Let’s get started with getting a prebuilt model from cloud machine learning samples by google and start training and predicting. We will run the whole operation using google cloud shell but as required we will go to console to review results of our actions in shell. But you can also choose to do it in your laptop if you install Google Cloud SDK. Here is the instruction to get started using Google Cloud SDK https://cloud.google.com/sdk/docs/.

Note, this type of tutorial is best done through video where all the actions can be seen but I have chosen to write as I feel comfortable writing than creating a video. So if video tutorial your thing then definitely go to youtube and there are numerous tutorials like this from GCP team and others. But I will post screenshots as much as possible to show the commands and results here.

Project:

In Google cloud resource management and billing are managed through a project, hence first thing you need to do to create a project in google. The project ID and project number is unique and you can choose a project name.

Training:

Once you login to google console opens a cloud shell as shown in here. In the console home page, you will see a symbol like “>_” click it and a shell window will open.

In the shell prompt set your project so that all operations are done using your project.

$gcloud config set project [selected-project-id] #replace with your project name.

Here is my command and output:

$gcloud config set project skilled-circle-191220

Updated property [core/project].

Check if there is any model already exists.

$gcloud ml-engine models list

My output will show models that I already created. In case your first model it will show nothing.

Run this command to update necessary installations

$gcloud components update

Run install/upgrade tensorflow

$pip install --user --upgrade tensorflow

Check installations:

$python

import tensorflow as tf

hello = tf.constant(“Hello Tensorflow!”)

sess = tf.Session()

print(sess.run(hello))

#It should print “Hello Tensorflow”.

exit()

At this point, we are good to start. We need a model to train, simply download a model from google cloud sample models from their GitHub by running this command at the cloud shell.

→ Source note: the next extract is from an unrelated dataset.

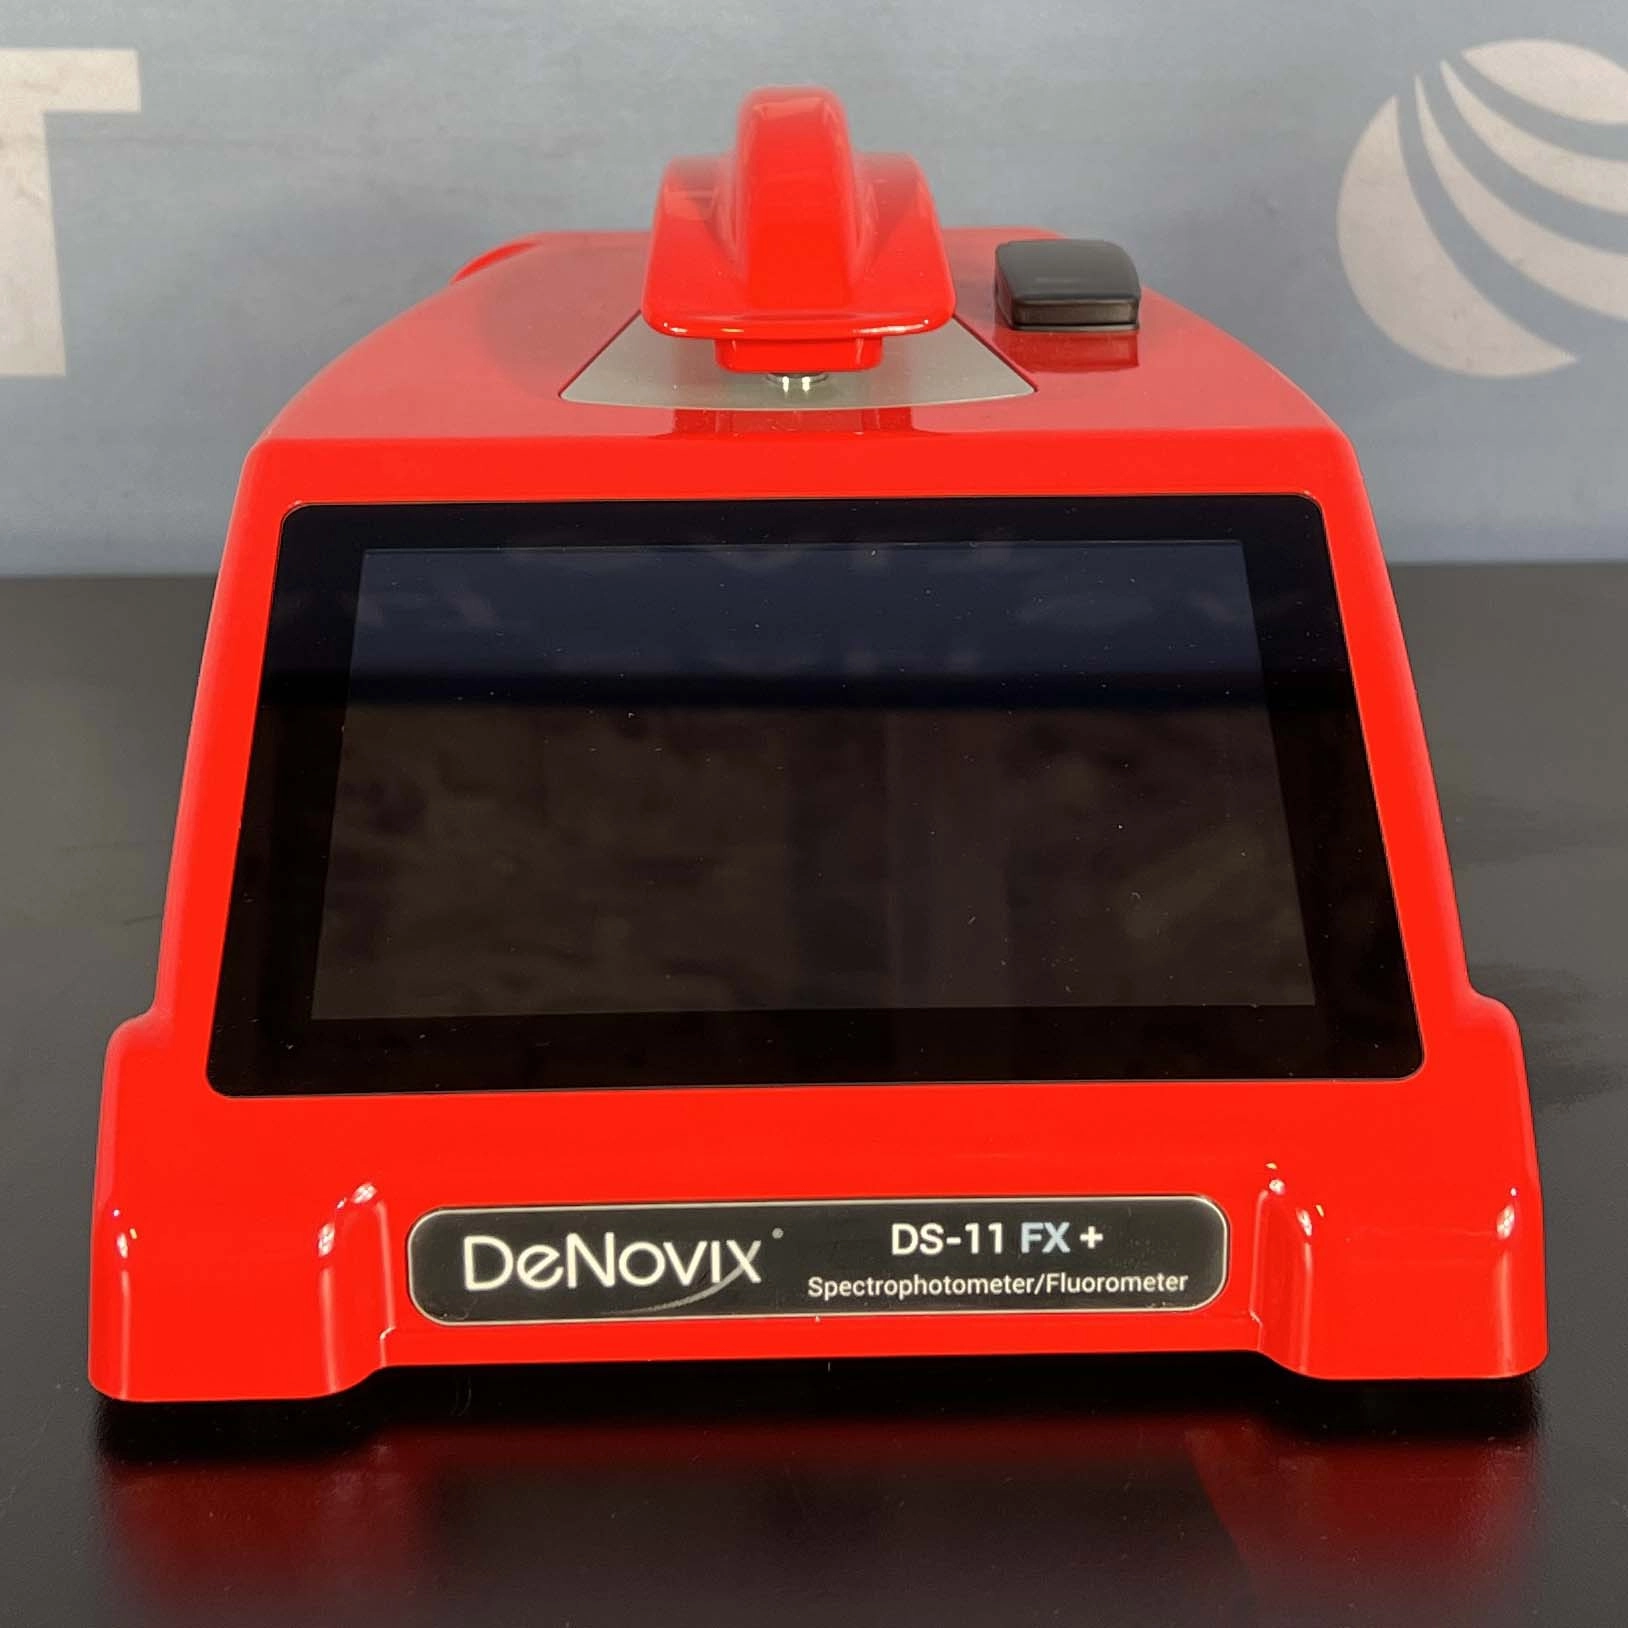 DeNovix DS-11 FX+ Spectrophotometer/Fluorometer

$wget https://github.com/GoogleCloudPlatform/cloudml-samples/archive/master.zip

$unzip master.zip

Navigate to the estimator model directory under census.

$cd

$cd ~/cloudml-samples-master/census/estimator/

Get the training and evaluation data from google’s provided public GCS bucket

$mkdir data

Copy the training and evaluation data from google cloud public bucket

$gsutil -m cp gs://cloud-samples-data/ml-engine/census/data/* data/

Set the training data and evaluation data path variable.

$TRAIN_DATA=$(pwd)/data/adult.data.csv

$EVAL_DATA=$(pwd)/data/adult.test.csv

Run sample requirements.txt to ensure we’re using same version of TF as sample

$sudo pip install -r ~/ cloudml-samples-master/census/requirements.txt

Specify an output directory

$MODEL_DIR=output

Make sure output directory is empty

$rm -rf $MODEL_DIR/*

Run local training using gcloud

$gcloud ml-engine local train--module-name trainer.task \--package-path trainer/ \--job-dir $MODEL_DIR \--train-files $TRAIN_DATA \--eval-files $EVAL_DATA \--train-steps 1000 \--eval-steps 100

Check model metrics using tensorboard, run

$tensorboard — logdir=$MODEL_DIR — port=8080

Open web preview in the cloud shell top right at port 8080.

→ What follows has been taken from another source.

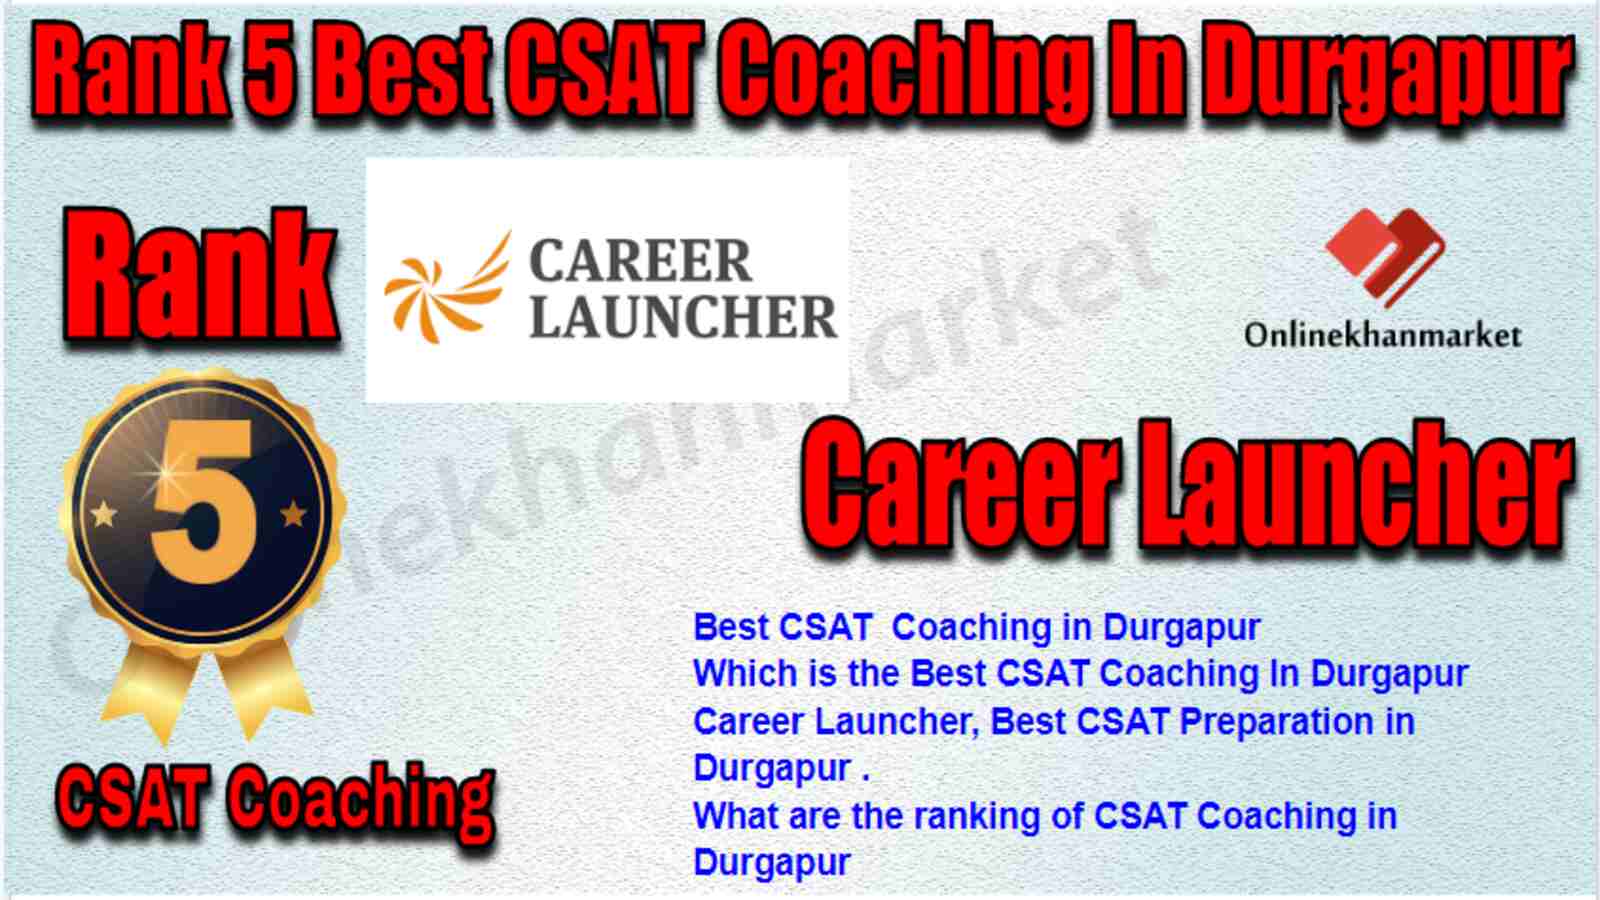 Rank 5 Best CSAT Coaching in Durgapur

It should open a browser at your local machine and model metrics can be seen.

You may also find more information about tensorflow model from the graph.

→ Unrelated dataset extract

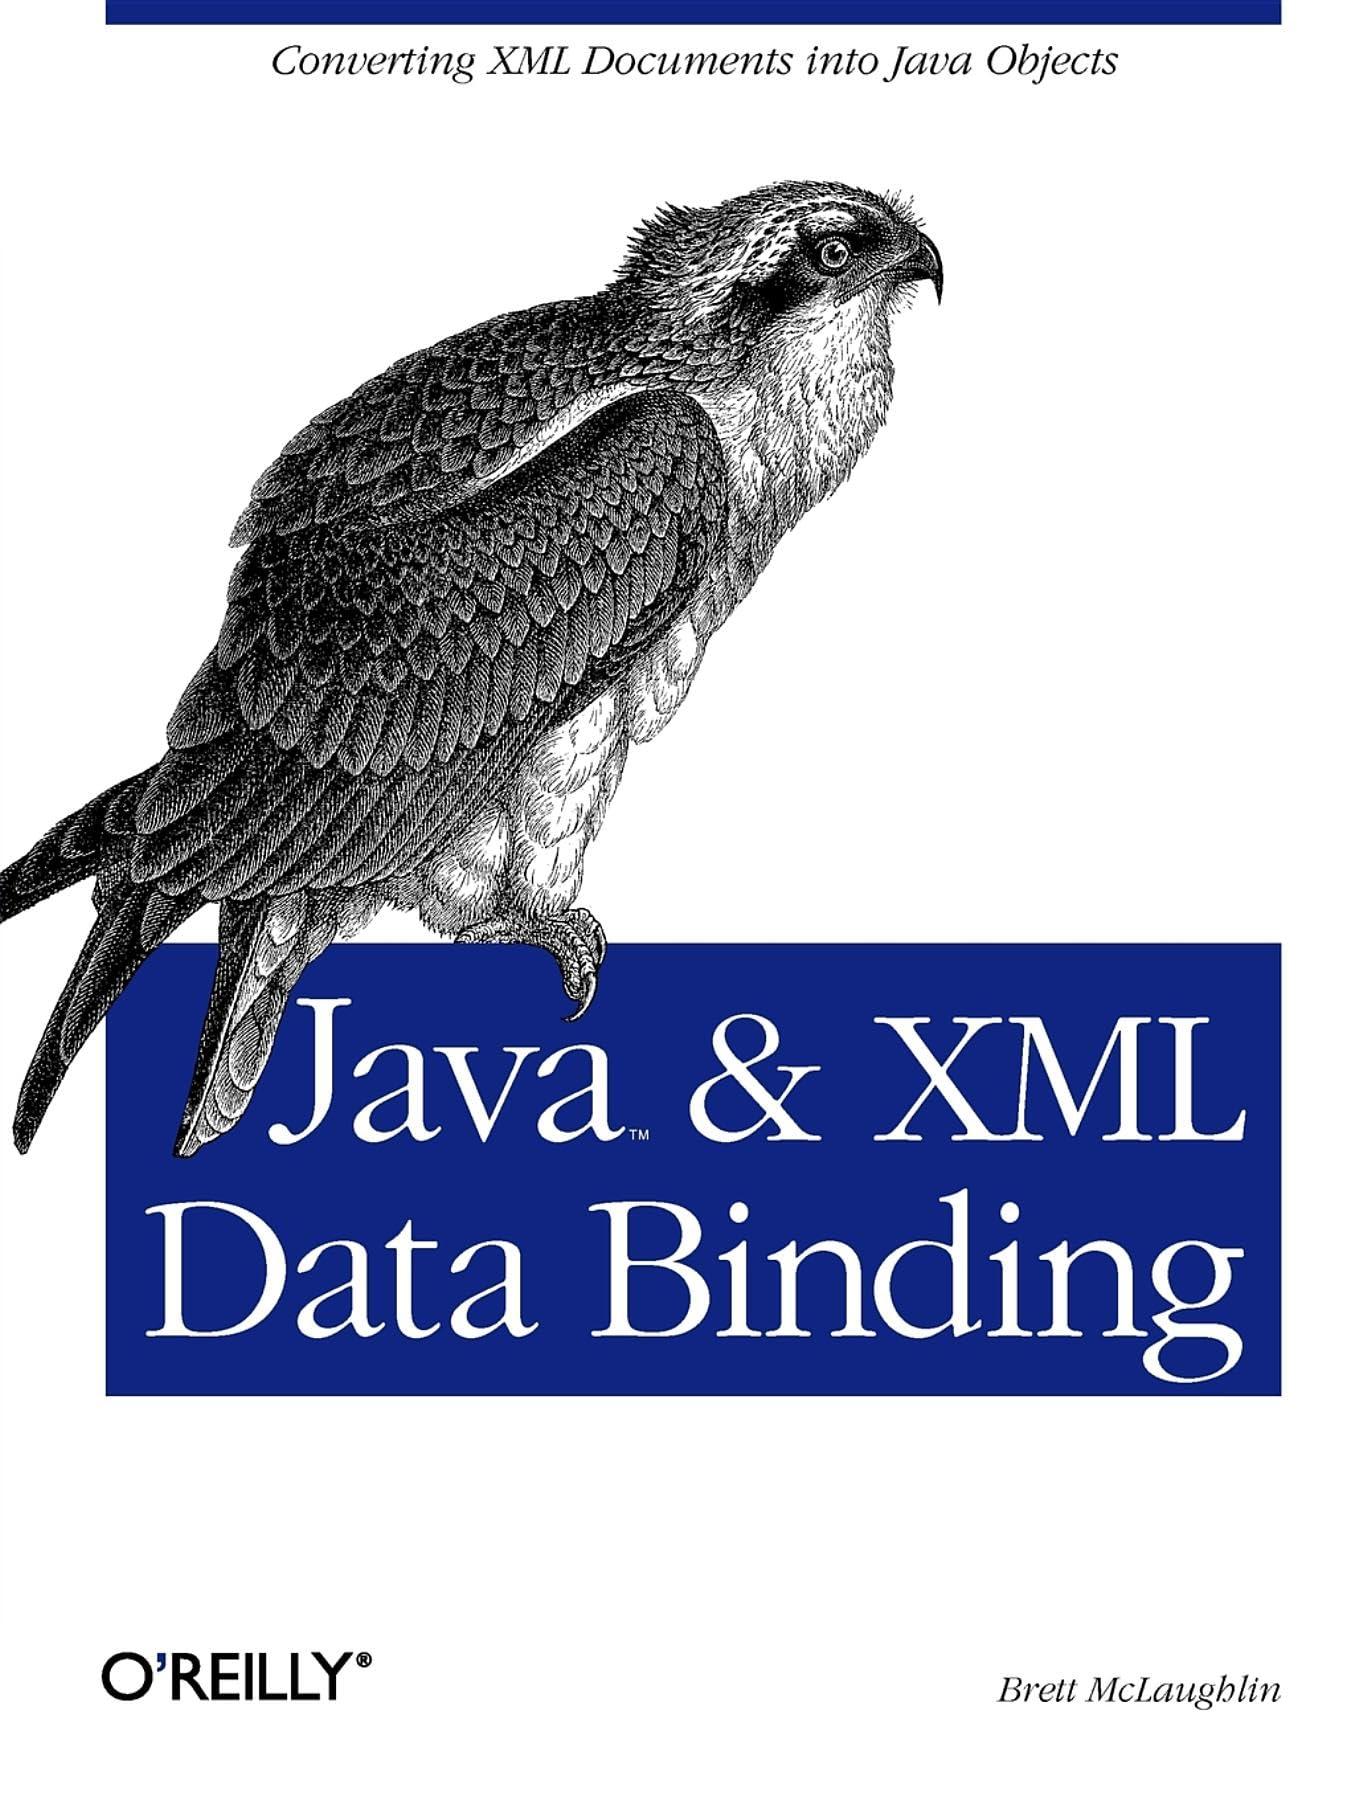 java and xml data binding 1st edition brett mclaughlin 0596002785, 978-0596002787

Distributed Mode: In production, a model needs to be trained on scalable infrastructure where machines can be added as more compute resource is required for performance. GCP cloud ML engine provides provision for running training in a distributed model where multiple ml engine instance will be running to complete training job. In order to use distributed training just add –distributed parameter in the ml-engine training command above as follows:

$gcloud ml-engine local train \    --module-name trainer.task \    --package-path trainer/ \    --job-dir $MODEL_DIR \    --distributed \    -- \    --train-files $TRAIN_DATA \    --eval-files $EVAL_DATA \    --train-steps 1000 \    --eval-steps 100

Deploy model for prediction:

Now we can test model both online and in batch passing a test.json file.

$MODEL_NAME=census

Create an ml-engine model with version 1

$gcloud ml-engine models create $MODEL_NAME — regions=$REGION

Set an output path for model output to be stored

$OUTPUT_PATH=gs://$PROJECT_ID/census_dist_1

Look up and set a full path for export trained model binaries

$gsutil ls -r $OUTPUT_PATH/export

Look for directory $OUTPUT_PATH/export/census/<timestamp> and copy/paste timestamp value (without colon) into the below command

MODEL_BINARIES=gs://$PROJECT_ID/census_dist_1/export/census/<timestamp>

Here is what it looks like for me.

Create the model version for prediction using the command below.

$gcloud ml-engine versions create v1 \

— model $MODEL_NAME \

— origin $MODEL_BINARIES \

— runtime-version 1.4

After the model creation is complete you can go to a console and go to ml engine to see the model version is there.

Run prediction against test.json file online as

$gcloud ml-engine predict \

— model $MODEL_NAME \

— version v1 \

— json-instances \

../test.json

You should see output as (the exact data could be different for you.)

CLASSES       PROBABILITIES[u'0', u'1']  [0.9969545602798462, 0.0030454816296696663]

For batch prediction, it will launch a ml-engine job to complete prediction which is in most of the time case for production implementation.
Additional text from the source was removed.